LeMonde
Le doute s’était installé parmi certaines élites politiques et intellectuelles : le Mouvement iranien né de la réélection frauduleuse de Mahmoud Ahmadinejad à la Présidence de la République islamique est-il toujours vivant ?
C’est la question à laquelle il fallait en premier répondre, le doute qu’il fallait absolument dissiper. Les Iraniens ont démontré ce 14 février 2010 que leur mouvement de contestation n’était pas mort, que leur mouvement dépendrait du soutien que lui apporterait la communauté internationale. À l’instar des appels incessants à quitter le pouvoir adressés aux Présidents Ben Ali et Moubarak par l’Europe et les États-Unis, le peuple iranien réclame que ses revendications démocratiques soient entendues et amplifiées. Il ne pourra jamais, plus que tout autre peuple, se dispenser d’un tel soutien politique que seuls les pays démocratiques peuvent lui apporter. C’est le message envoyé par le peuple iranien en ce 14 février.
La réussite de cette mobilisation qui a rassemblé plusieurs centaines de milliers d’Iraniens à travers l’Iran résulte en effet de l’espoir que ce soutien leur sera apporté comme il l’a été à l’égard des Tunisiens et des Égyptiens. Cette ligne adoptée par les Occidentaux lors des évènements traversés par les deux pays arabes les oblige désormais à l’égard de la République islamique. Il faut en effet se souvenir de l’insistance du Président Obama à œuvrer en faveur d’une reprise des relations directes entre les États-Unis et la République islamique, malgré le fait que cette main tendue aux dirigeants du régime s’inscrivait dans un contexte où la révolte n’était encore née. Les conséquences politiques et la répression issues des émeutes postélectorales n’avaient alors pas suffi au Président américain pour l’encourager à engager une nouvelle politique iranienne et donner une réponse autre que l’assourdissant silence qu’il avait opposé au peuple iranien et à ses revendications.

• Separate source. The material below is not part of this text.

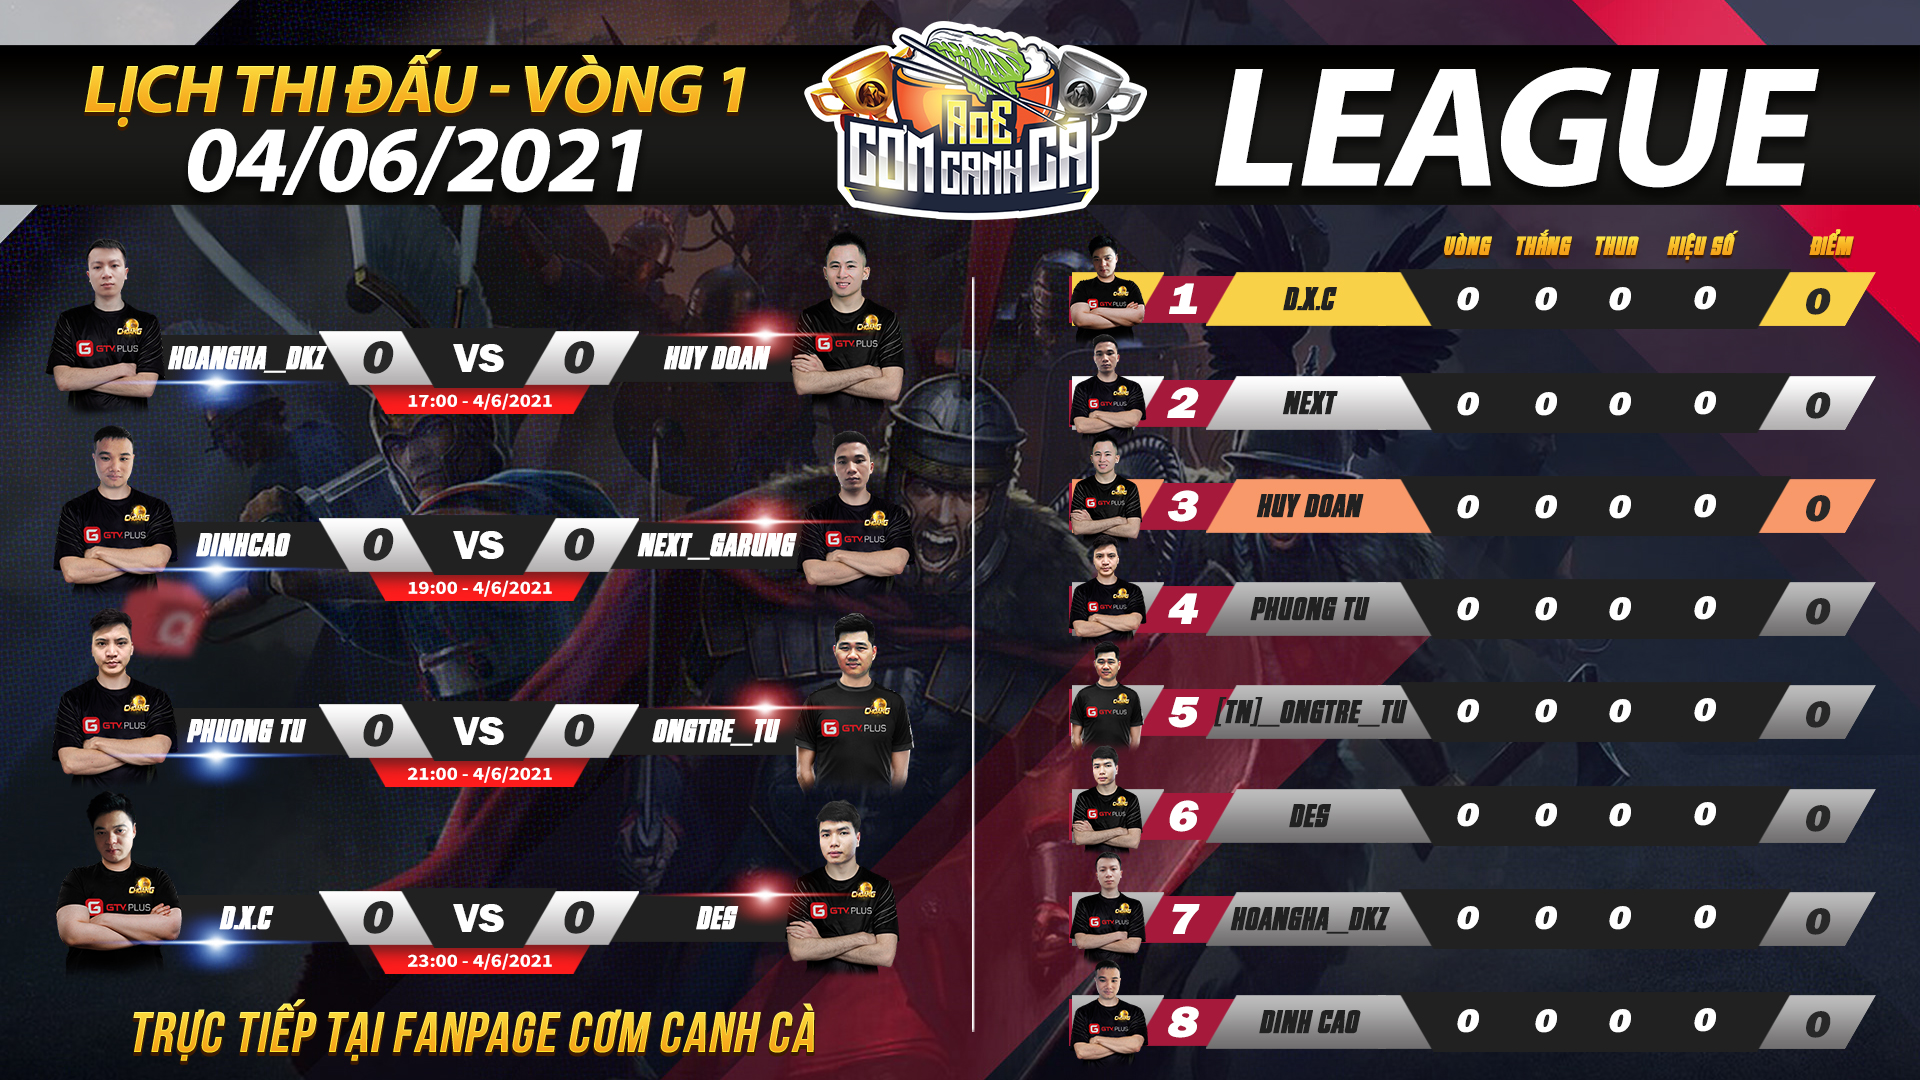 Lịch thi đấu AoE Cơm Canh Cà ngày 4 tháng 6: Vòng League bắt đầu

« Nous souhaitons la même chance à l'opposition et aux personnes courageuses qui sont descendues dans la rue à travers l'Iran que celle qu'ont su saisir leurs homologues égyptiens la semaine dernière » déclarait tout de même la secrétaire d'État américain, Hillary Clinton, commentant les manifestations iraniennes du 14 février.
Il semblerait que le renversement de la République islamique auquel aspire le peuple iranien soit jugé comme inéluctable même par les puissances de la région qui ne peuvent toutefois aujourd’hui que s’aligner sur une position consistant à inciter la République islamique à procéder à des réformes institutionnelles profondes si elle souhaite se maintenir.
Le Président Turque Abdullah Gül venu en visite le 13 février 2010 à Téhéran pour resserrer les liens économiques qui unissent l’Iran à la Turquie a en effet déclaré, sans viser explicitement la République islamique : « Il faut réaliser des réformes radicales afin de pouvoir répondre aux attentes du peuple. Parfois le peuple exige ce que les leaders et les administrations ne parviennent pas à faire. Quand les leaders n'arrivent pas à assumer leurs responsabilités, c'est le peuple qui se charge du leadership. Ce que nous souhaitons après tous ces développements, c'est que les peuples sortent, avec leur honore et plus heureux, de ce processus ».
Ces premiers commentaires fort encourageants attestent de l’attention désormais portée à l’égard de l’Iran. On peut croire que les évènements tunisiens et égyptiens ont enfin convaincu que le soutien apporté aux peuples contre les régimes qui les oppriment peut offrir des solutions de sortie de crise plus sereines.
On savait l’option militaire sérieusement envisagée par les puissances occidentales contre le programme nucléaire de la République islamique. Espérons que l’alternative démocratique sera désormais privilégiée par la communauté internationale et considérée comme la seule capable de présenter les meilleures garanties d’une transition politique pacifique et salvatrice.